Stellantis is pivoting away from full-on electrification as it posts the first loss in its five-year history.
The numbers are in, and holy hell, do they look bad. Particularly if you’re over at Stellantis, where the company just officially posted a 22.3 billion Euro ($26.3 billion USD) net loss for 2025. That’s after the company, which has posted gains since its 2021 creation out of the merger of PSA Group (Peugeot) and Fiat Chrysler, put up a $6 billion profit in 2024.
So, how do you lose the entire GDP of Trinidad and Tobago or Mongolia in a single year? CEO Antonio Filosa pointed squarely at the company’s formerly ambitious electrification plans, as the automaker was keen to emphasize right from jump street as it released a statement alongside the earnings report (shown below).
“Our 2025 full year results reflect the cost of over-estimating the pace of the energy transition and of the need to reset our business around our customers’ freedom to choose from the full range of electric, hybrid and internal combustion technologies.”
“In the second half of the year we began to see initial, positive signs of progress with the early results of our drive to improve quality, strong execution of the launches of our new product wave and a return to top line growth. In 2026 our focus will be on continuing to close the execution gaps of the past, adding further momentum to our return to profitable growth.“
Stellantis posted that loss in a year where its overall revenue slid by about 2% to €153.5 billion ($181 billion USD), and vehicle shipments actually increased by 11% to 2.8 million units.
On February 6, the company announced a “major reset” of its business plans.
Its goals more or less mirror several other automakers in light of lackluster EV demand, loss of tax incentives and “improving operational efficiencies” (what the lay person typically sees through layoffs and plant closures/workforce reductions). Indeed, it lists adjusting the EV supply chain to “reflect customer demand and shifting regulations”, changing its estimation process for contractual warranty provisions and charges around its previously announced layoffs over in Europe.
Filosa added the company made “initial, positive signs of progress” in the second half of 2025 as it put its new plan into effect. We’re talking about the time frame that Ram reintroduced the Hemi V8-powered 1500 truck and cancelled its upcoming fully electric pickup. Jeep made plans to scrap its existing plug-in hybrid arrangement and introduced the new Cherokee as a hybrid (along with a gas-only launch for the updated Grand Cherokee), while Dodge focused nearly all its attention toward the launch of the Charger Sixpack.

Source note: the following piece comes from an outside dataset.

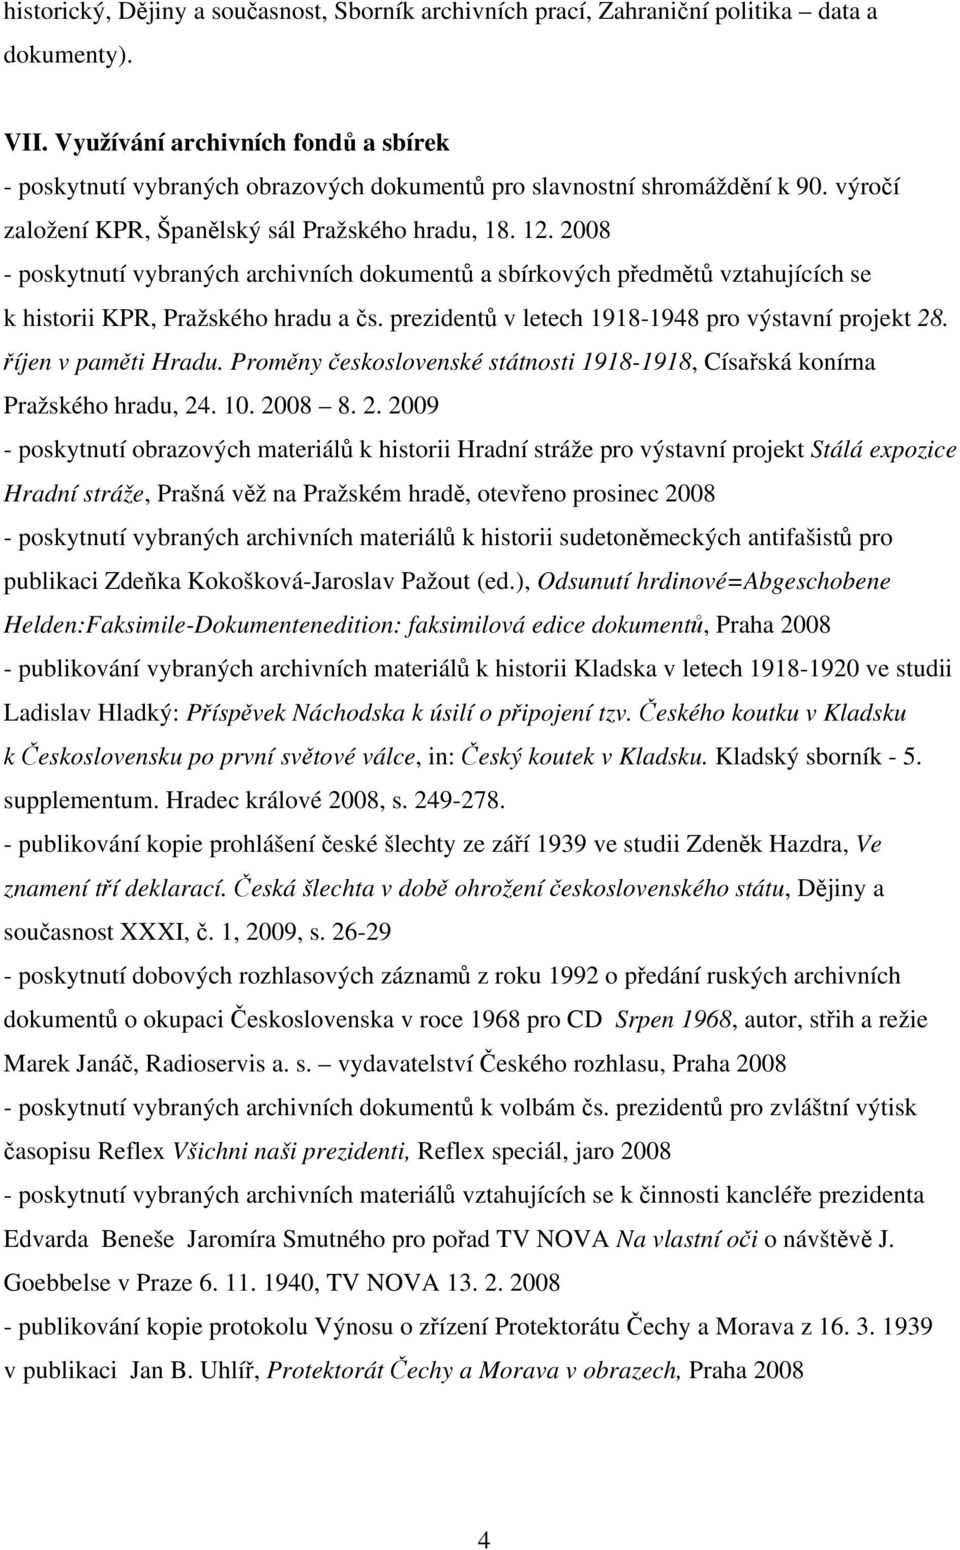 2008 - poskytnutí vybraných archivních dokumentů a sbírkových předmětů vztahujících se k historii KPR, Pražského hradu a čs. prezidentů v letech 1918-1948 pro výstavní projekt 28.

Subsequently, the North American market posted the strongest gain to Stellantis’ overall global sales, picking up by 231,000 units (or 39%) year-over-year. While it wasn’t enough to stem its losses for the full-year, the company’s revenues for the second half of 2025 also picked up by 10% over where they were in the same period for 2024.
The big takeaway? Expect more gas offerings this year while Stellantis aims for a slow-and-steady recovery
Moving forward, the company affirmed its plans to launch a new “product wave”, focusing on white-space models and powertrain options across all global regions. It’s also suspending its 2026 dividend to shareholders to shore up its balance sheet, while projecting small (single-digit percentage) revenue increases and operating margins for the year ahead.
In North America, perhaps the most obvious shift compared to Stellantis’ past plans seems to be Hemi, Hemi and more Hemi. It sure looks like the Ram 1500 was just the start, and while we don’t have official confirmation to this effect just yet, there are plenty of rumblings that we’ll see V8 options expand in Jeep and Dodge’s lineups in the near future. Dodge, for its part, brought back an almost exclusively V8 lineup (before adding the Pentastar back into the mix) for the Durango last year.